Meredith Graves on the Detroit rapper’s ‘Atrocity Exhibition’

Nothing gets music nerds butthurt faster than a band or artist reusing the name of a well-known song or album — except, maybe, when they do it so well that even the nerds aren’t allowed to bitch about it. Double Negative’s Daydreamnation, were it not one of the greatest hardcore records ever made, could have been a disaster. Boredoms, Negativland, Eric’s Trip, and Blonde Redhead survived because their sound advanced upon the bands that inspired their names. In the same vein, Danny Brown has given us Atrocity Exhibition, 46 minutes of music swinging from a delicate hinge of just four lines:

Asylums with doors open wide,

Where people had paid to see inside,

For entertainment, they watch his body twist

Behind his eyes he says, “I still exist.”

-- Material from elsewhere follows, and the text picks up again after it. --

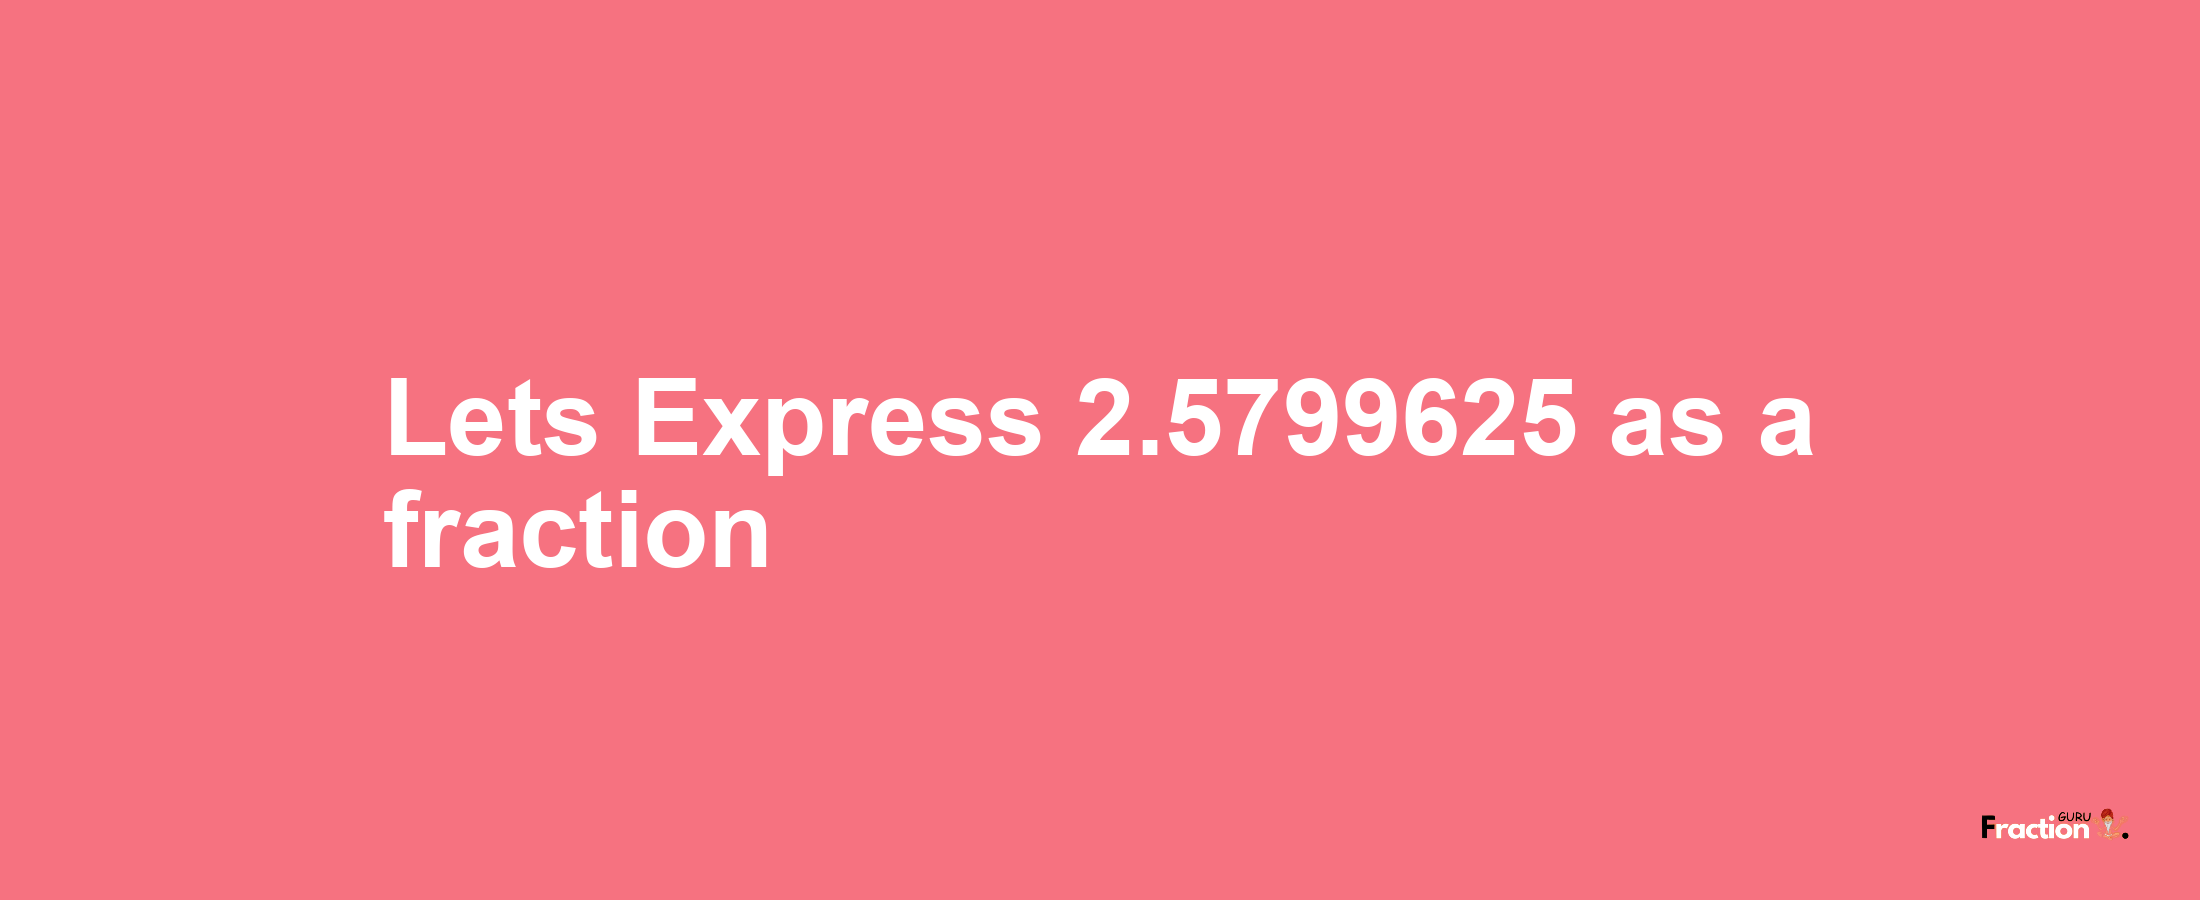 Lets Express 2.5799625 as afraction

Because yeah, Danny Brown exists like a motherfucker, obviously. But for three years, since the release of 2013’s Old, he’s been at the mercy of critics requesting more material, more entertainment, more Danny, twisting. The album, as such, opens thus:

... Been in this room for three days

Think I’m hearing voices

... which should be enough to cement Danny’s titular precision and exactitude in the minds of those who felt the need to tweet “um that’s a Joy Division song” after he announced the record.

But unlike Joy Division’s Ian Curtis — who Donald Trump would probably say just couldn’t handle it — Danny is an uncooked Sylvia Plath, his heart and the beat arterially bragging, “I am, I am, I am.” He’s opting to figure out his role in the exhibition, rather than abandoning it along with this mortal coil, since he’s not sure the voices — those of the critics, the biters, the ticket-holders — are all that real, anyway.

His reality, and his sound on Atrocity Exhibition, is a pastiche of visual and sonic referents. An upbringing in Detroit and the stories that resulted from it feature heavily, especially on “Golddust,” which makes Danny sound like the world’s smartest dummy, driving the monster truck that is ghettotech straight into the proverbial wall of Death.

Likewise, “When It Rain,” the album’s first single, is “Bombs Over Baghdad” for the war-zoned City of Boom. Detroit’s financial crisis left the city with a cumulative deficit in the billions. Danny is wont to speak as a representative, which is especially important now that cities in crisis tend to be little more than a hot-button talking point for moneyed goons. Here, as on “25 Bucks” from Old, Danny paints a compelling picture of youth in Detroit without having to shout any of his tropes. Even the turn of phrase "D versus everybody" takes gum rubber to the line between Danny-the-dissident and Detroit, the kingdom he’s sworn to protect: When it rains, it pours, so you may as well get your ass on the floor and dance, as behooves an agitator.

Through the naming of things, Danny Brown has finally given Joy Division’s limp legacy the D it has so badly needed. Atrocity Exhibition is Danny Brown rescuing moldy Joy Division 12-inches from waterlogged milk crates beyond Thunderdome, then dirt-biking with Lori Petty through the back alleys of Hamtramck and over the Canadian border on a mission to find clean water and blunt wraps. Atrocity Exhibition is, despite the weight of the name, as sharp and rare and survival-oriented and free as Danny himself. There is certainly joy here. You just need to look closer.